Kerick, M., Timmermann, B., & Schweiger, M. R. (2010). High-throughput sequencing of frozen and paraffin-embedded tumor and normal tissue. Pathologe, 31(suppl 2), 255-257. doi:10.1007/s00292-010-1377-z.


Zitierlink: http://hdl.handle.net/11858/00-001M-0000-0010-7A3C-B
Zusammenfassung
Until now high-throughput sequencing of tumor samples relied on DNA isolated from fresh frozen tissues, the preparation of which, however, is relatively laborious. The use of preserved material, i.e. from tissue banks, could help to avoid this limitation and would enable the reanalysis of diverse clinical trials.

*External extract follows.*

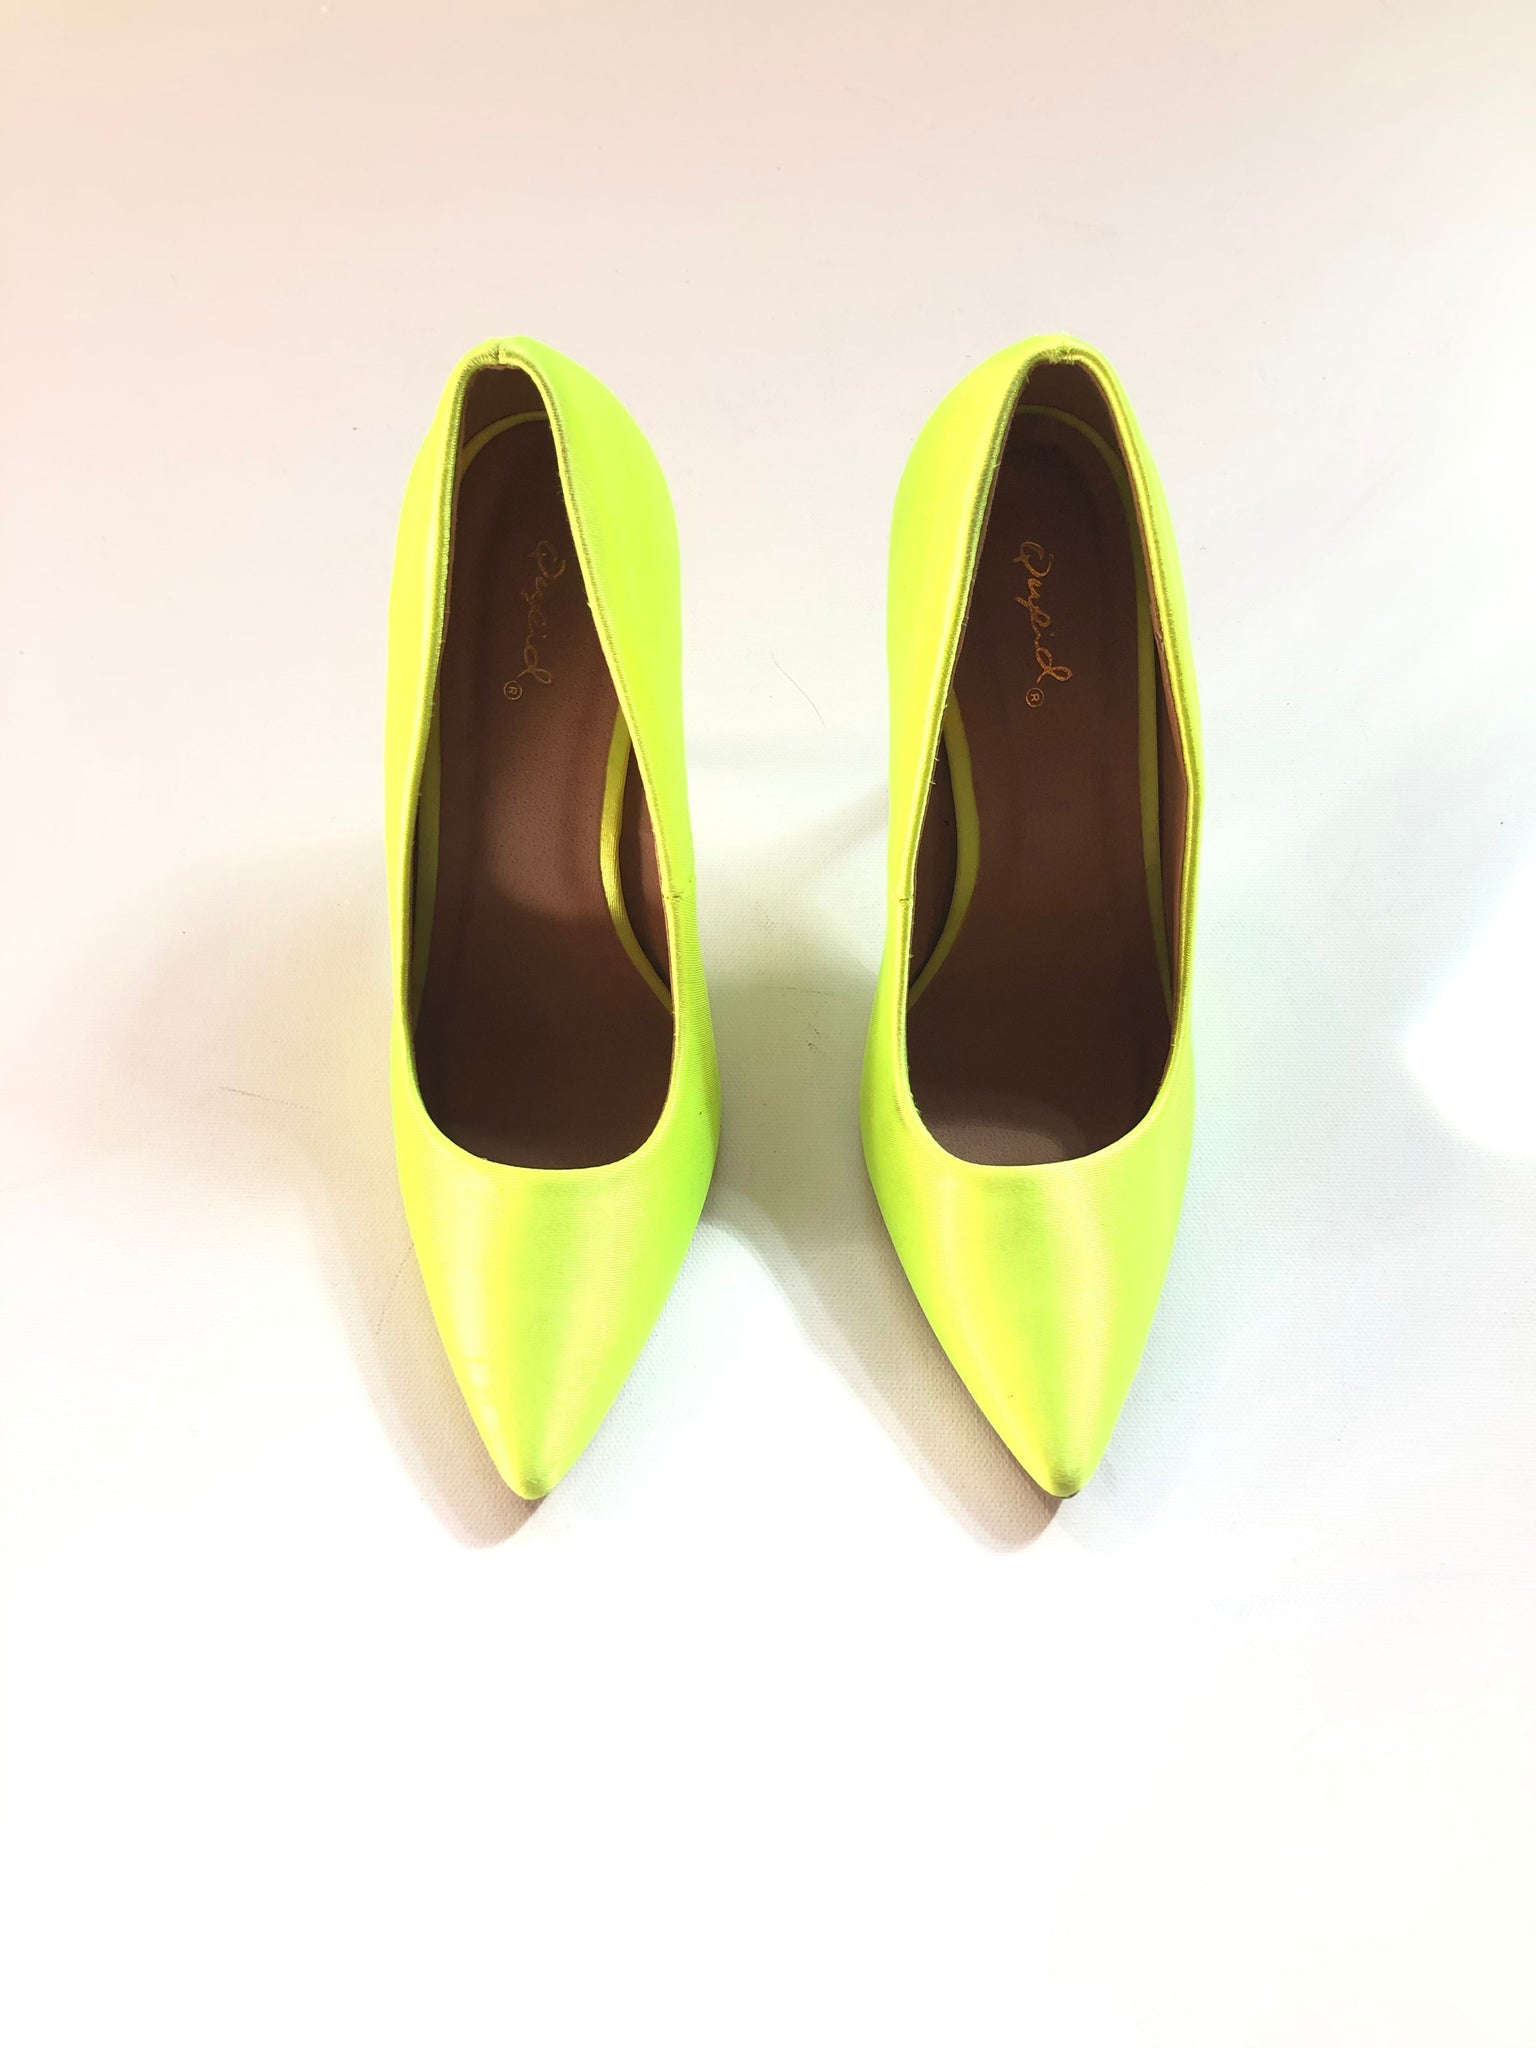 Veowalk Solid Yellow Green Patent Women Pointed Toe Stiletto Pumps Ladies  Wedding Party High Heel Shoes Small Size 33 44 45 - Pumps - AliExpress

So far we have shown that formalin-fixed paraffin-embedded (FFPE) tissue samples can be used for genomic re-sequencing processes. FFPE samples are amply available from surgical tumor resections and histopathological diagnosis, and comprise tissue from precursor lesions, primary tumors, and lymphogenic and/or hematogenic metastases. To generate models which predict the response to therapy, FFPE tissue also has the advantage that it is available from a variety of clinical trials. Second generation sequencing techniques are not only applicable to snap frozen and FFPE tissues for whole genome analyses but also for targeted resequencing approaches. In addition, the detection of copy number variations and mutations in FFPE tissues can be obtained within one sequencing run. The possibility of using genome-wide technologies irrespective of the mode of storage facilitates the retrieval of useful material and is a prerequisite for subsequent computational modelling approaches.